YOUR GOAL
Search through the entries for the word "with" and copy every line that has it.

Stored records:
------------------------------------------------------------------------

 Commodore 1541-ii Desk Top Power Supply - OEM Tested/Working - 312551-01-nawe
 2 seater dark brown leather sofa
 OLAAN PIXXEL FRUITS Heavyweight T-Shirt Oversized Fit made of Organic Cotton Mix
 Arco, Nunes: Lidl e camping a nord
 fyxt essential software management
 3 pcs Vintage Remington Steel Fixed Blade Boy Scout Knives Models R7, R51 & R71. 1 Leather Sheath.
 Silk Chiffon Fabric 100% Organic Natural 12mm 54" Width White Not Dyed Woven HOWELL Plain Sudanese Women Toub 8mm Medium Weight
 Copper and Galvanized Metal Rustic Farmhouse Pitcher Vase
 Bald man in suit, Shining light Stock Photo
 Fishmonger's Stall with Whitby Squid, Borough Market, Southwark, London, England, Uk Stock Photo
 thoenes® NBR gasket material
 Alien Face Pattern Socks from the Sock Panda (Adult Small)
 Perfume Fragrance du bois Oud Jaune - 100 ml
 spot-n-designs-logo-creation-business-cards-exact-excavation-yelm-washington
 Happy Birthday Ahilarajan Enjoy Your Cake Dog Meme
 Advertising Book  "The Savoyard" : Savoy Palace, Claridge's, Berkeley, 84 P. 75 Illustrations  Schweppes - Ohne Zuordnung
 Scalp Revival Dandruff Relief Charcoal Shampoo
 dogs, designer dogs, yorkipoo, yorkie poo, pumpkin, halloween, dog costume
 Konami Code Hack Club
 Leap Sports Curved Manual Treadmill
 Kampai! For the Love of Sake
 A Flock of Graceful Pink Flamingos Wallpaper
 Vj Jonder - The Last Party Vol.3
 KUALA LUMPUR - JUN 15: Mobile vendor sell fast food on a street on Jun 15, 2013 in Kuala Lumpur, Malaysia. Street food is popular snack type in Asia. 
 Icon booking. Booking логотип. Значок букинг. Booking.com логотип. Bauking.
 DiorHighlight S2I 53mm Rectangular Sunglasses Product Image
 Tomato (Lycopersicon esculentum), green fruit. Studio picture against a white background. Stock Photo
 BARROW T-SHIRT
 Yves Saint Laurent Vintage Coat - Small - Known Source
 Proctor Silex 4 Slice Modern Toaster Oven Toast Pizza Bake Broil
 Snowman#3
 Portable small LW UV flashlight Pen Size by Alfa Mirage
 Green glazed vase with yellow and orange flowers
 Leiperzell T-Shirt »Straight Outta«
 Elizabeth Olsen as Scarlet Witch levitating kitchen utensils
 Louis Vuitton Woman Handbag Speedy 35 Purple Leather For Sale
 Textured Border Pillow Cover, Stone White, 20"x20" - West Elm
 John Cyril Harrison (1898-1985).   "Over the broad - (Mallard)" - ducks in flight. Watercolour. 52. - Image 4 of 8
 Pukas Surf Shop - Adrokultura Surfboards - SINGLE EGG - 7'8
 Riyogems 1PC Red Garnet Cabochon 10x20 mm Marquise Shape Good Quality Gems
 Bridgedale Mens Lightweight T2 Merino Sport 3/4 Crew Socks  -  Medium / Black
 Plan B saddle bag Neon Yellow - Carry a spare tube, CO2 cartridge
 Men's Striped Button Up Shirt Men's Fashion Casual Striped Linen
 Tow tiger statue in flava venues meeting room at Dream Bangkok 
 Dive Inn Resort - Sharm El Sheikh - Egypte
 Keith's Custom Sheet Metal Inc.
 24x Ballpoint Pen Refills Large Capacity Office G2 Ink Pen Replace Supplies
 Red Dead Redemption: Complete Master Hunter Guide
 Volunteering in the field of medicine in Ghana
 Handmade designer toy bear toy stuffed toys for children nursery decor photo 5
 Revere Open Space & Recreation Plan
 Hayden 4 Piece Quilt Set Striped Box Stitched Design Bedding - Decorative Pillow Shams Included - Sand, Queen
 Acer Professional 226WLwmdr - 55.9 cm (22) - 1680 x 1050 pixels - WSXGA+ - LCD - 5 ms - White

------------------------------------------------------------------------

TASK RESPONSE
 Fishmonger's Stall with Whitby Squid, Borough Market, Southwark, London, England, Uk Stock Photo
 Green glazed vase with yellow and orange flowers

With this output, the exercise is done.